A linear relationship was observed for all 8 genotypes with slopes ranging from -3.481 to -4.134. The linear regression line is plotted (dashed green line). Pearson's correlation coefficients (R2) range from 0.994 to 0.918. HDV concentrations in IU/ml were calculated based on the linearity experiments using the WHO standard (10-fold dilution series; see Fig. 1A) and log-transformed. Gray dots mark the values considered outside of the linearity-range that were not included in the calculation of the slope. GT, genotype; HDV_UCT, HDV utility-channel; WHO, world health organization.

Discussion

To improve the options for clinical HDV RNA monitoring, we established a new quantitative HDV RT-qPCR assay with excellent analytical performance and built-in full process control on the cobas6800 system. The use of highly automated, sample-to-result solutions for molecular diagnostics holds many inherent benefits over manual workflows, including improved reliability and reproducibility, as well as dynamic scaling of testing capacity. Moreover, the interpretation of test results is less error-prone since internal controls are included in every run and the quantitative test results are calculated using the Ct value by the laboratory information software based on the corresponding standard curve. Studies on assay performance on the cobas6800 already demonstrated high reliability for other viruses, including HBV, HCV and HIV and showed excellent comparability between testing sites. In line with previous studies, considerably less hands-on time (n = 24; HDV_UCT 20 min; CE-IVD 180 min) and manual steps (HDV_UCT 2; CE-IVD 36, without preparing reagents and data management) are required as nucleic acid extraction, purification, amplification, detection and data transfer to the laboratory information system are fully automated, hence minimizing the potential for errors.

The HDV_UCT assay showed excellent analytical and clinical performance. However, these promising results need to be further validated by examining a larger patient cohort. The new assay demonstrated an inclusivity for all 8 currently known GTs and a low limit of quantification of 10 IU/ml. Combined with the excellent comparability of the PCR results, the new assay will be advantageous for HDV screening and viral load monitoring during HDV treatment or clinical therapeutic trials.

Financial support

The study was supported by . Marc Lütgehetmann, Maura Dandri, Dieter Glebe, Annika Giese, Nora Goldmann, Jan-Hendrick Bockmann and Julian Schulze zur Wiesch are funded by the (DZIF). Additional funding was provided by the German Research Foundation (DFG), SFB841 to Julian Schulze zur Wiesch, Marc Lütgehetmann, Maura Dandri and Lisa Sophie Pflüger; B08/SFB1021 and GL595/9-1 to Dieter Glebe. The National Reference Centre for Hepatitis B Viruses and Hepatitis D Viruses is supported by the German Ministry of Health via the Robert Koch Institute.

Authors’ contributions

Lisa Sophie Pflüger, Marc Lütgehetmann: conceptualization, data curation, formal analysis, writing - original draft. Lisa Sophie Pflüger: visualization, investigation. Marc Lütgehetmann: supervision. Julian Schulze zur Wiesch, Dieter Glebe, Annika Giese, Nora Goldmann, Katja Giersch, Tassilo Volz, Maura Dandri, Jan-Hendrik Bockmann: resources. Dominik Nörz, Susanne Pfefferle, Julian Schulze zur Wiesch, Katja Giersch, Tassilo Volz, Maura Dandri: writing - reviewing and editing.

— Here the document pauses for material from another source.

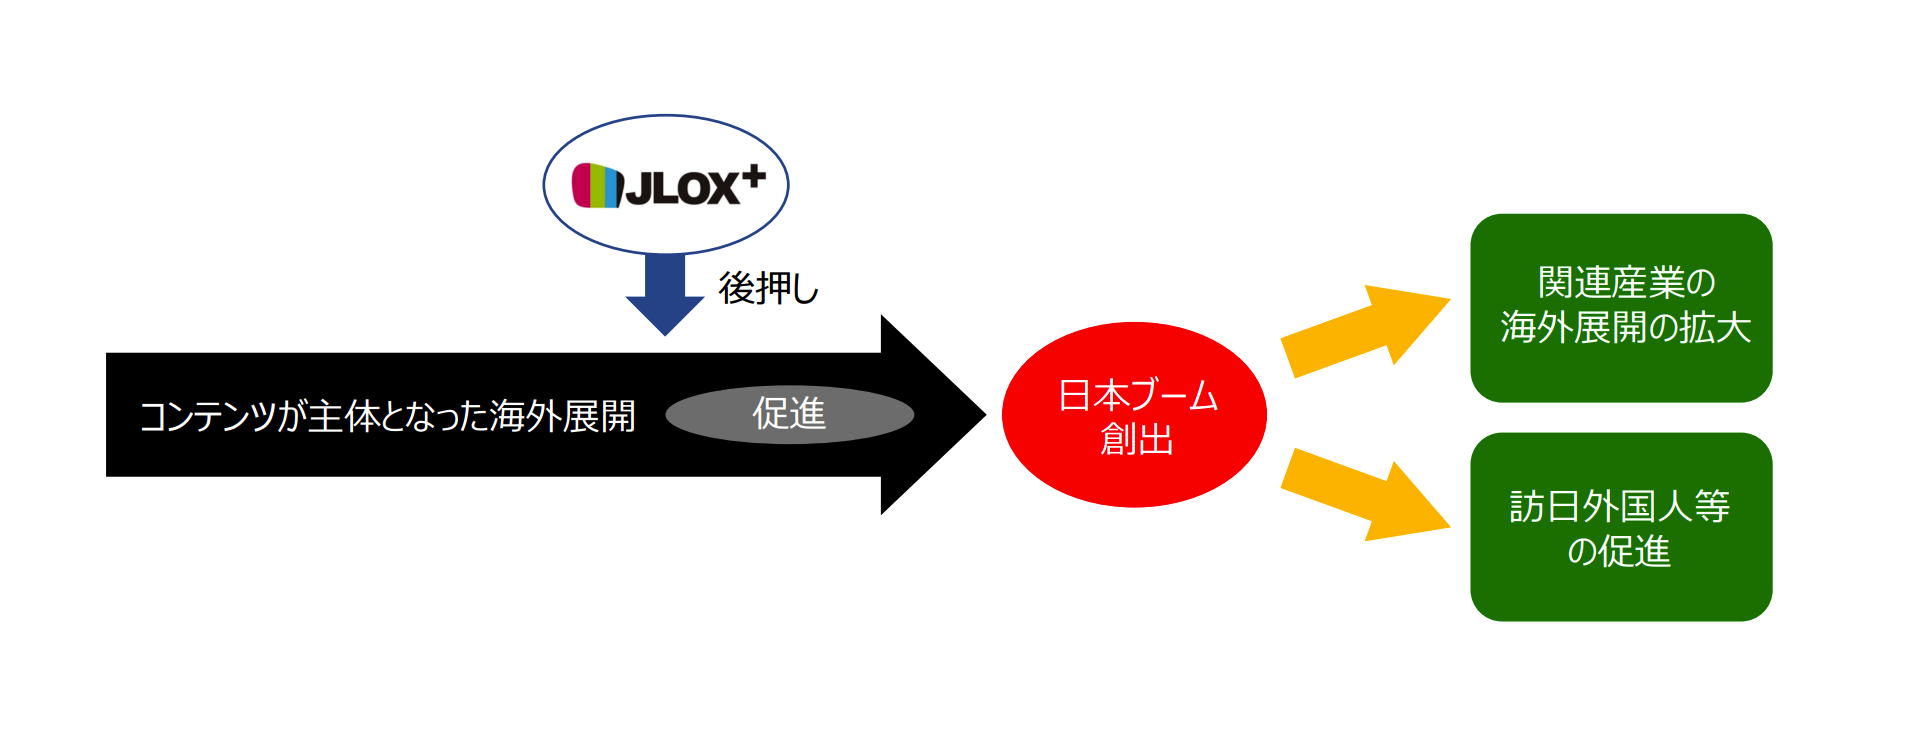 JLOX+1

Data availability statement

The data shown in this article are available from the corresponding authors upon a reasonable request. All reagents, antibodies and resources used in this research can be found in the CTAT table.

Conflict of interest

Marc Lütgehetmann has received travel expenses and speakers’ honoraria (Roche Diagnostics). The other authors declare that they have no conflict of interest.

Please refer to the accompanying ICMJE disclosure forms for further details.